Exercise goal:
Provide an exact copy of the data, excluding the images.
━━━ Collected data ━━━
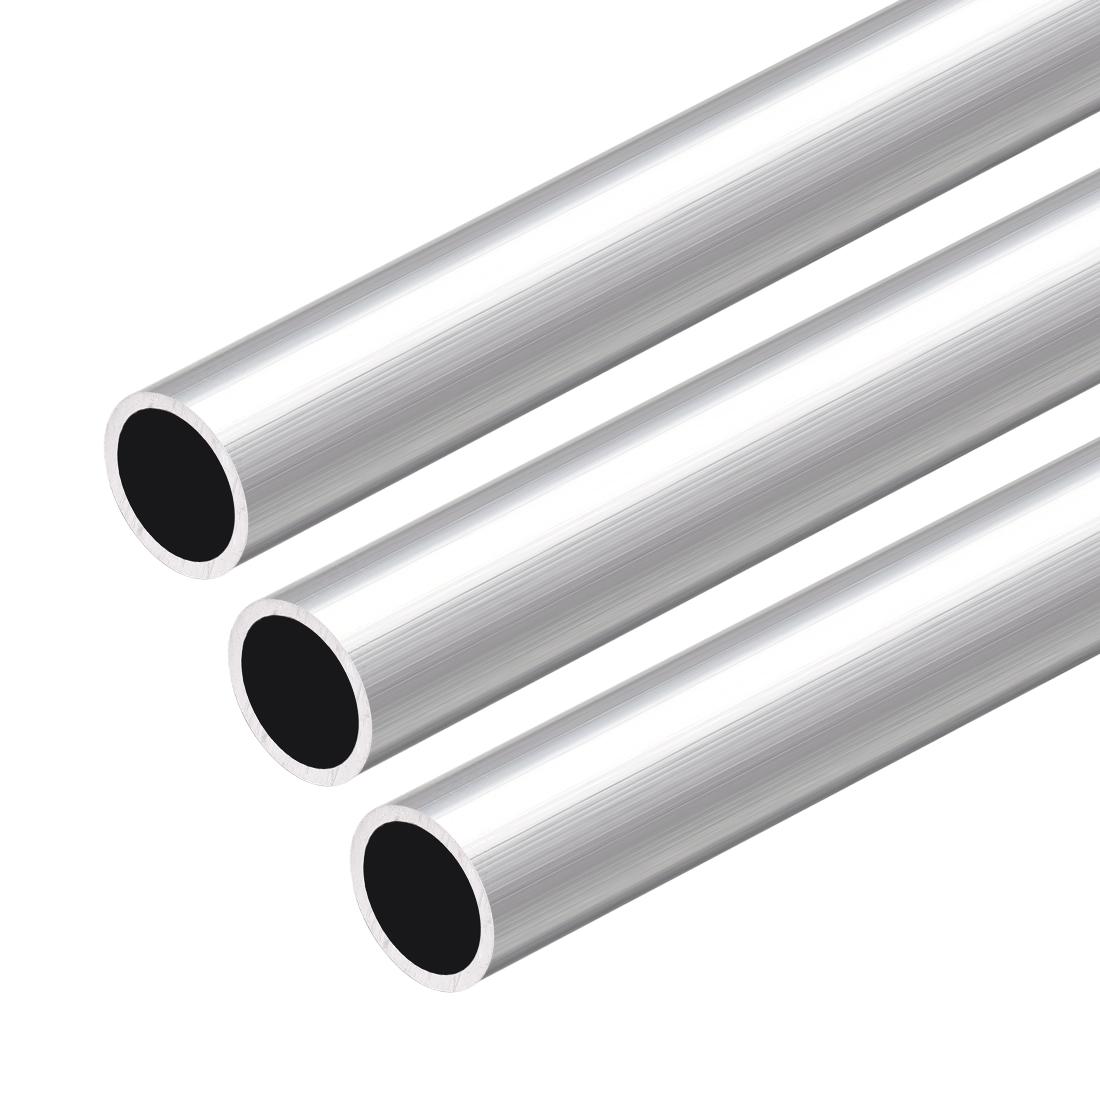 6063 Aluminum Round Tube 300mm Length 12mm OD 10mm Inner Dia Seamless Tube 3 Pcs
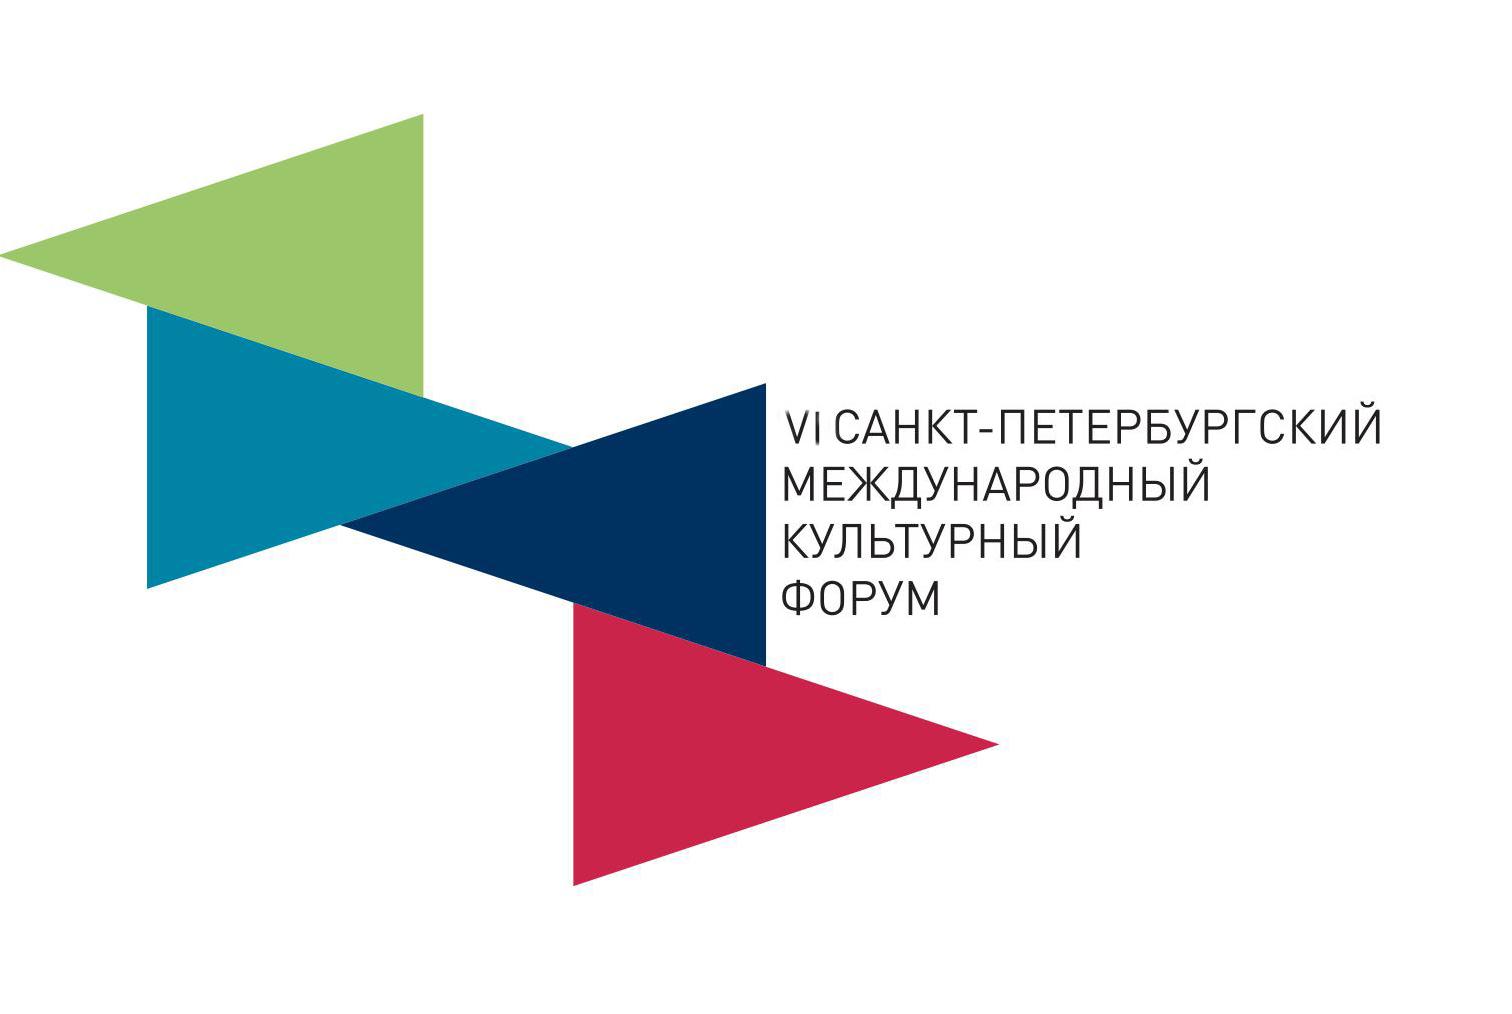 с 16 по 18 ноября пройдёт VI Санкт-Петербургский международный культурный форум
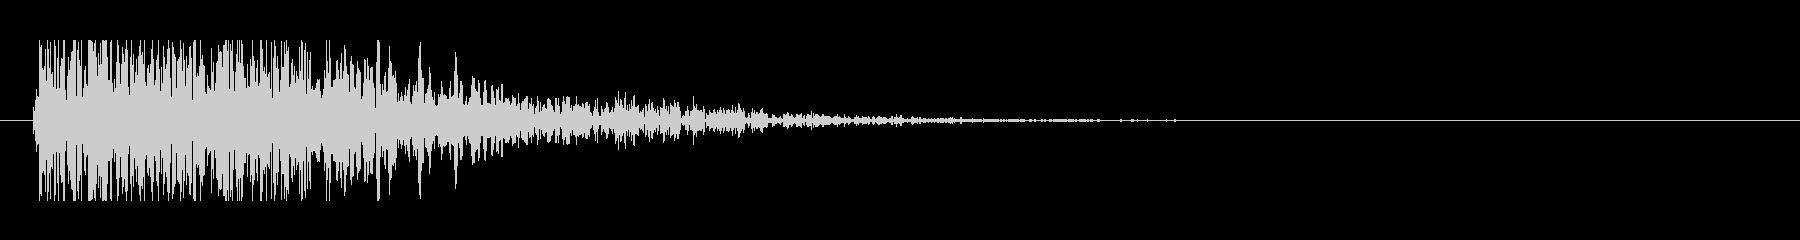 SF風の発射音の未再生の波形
━━━
Reply:
 6063 Aluminum Round Tube 300mm Length 12mm OD 10mm Inner Dia Seamless Tube 3 Pcs
 с 16 по 18 ноября пройдёт VI Санкт-Петербургский международный культурный форум
 SF風の発射音の未再生の波形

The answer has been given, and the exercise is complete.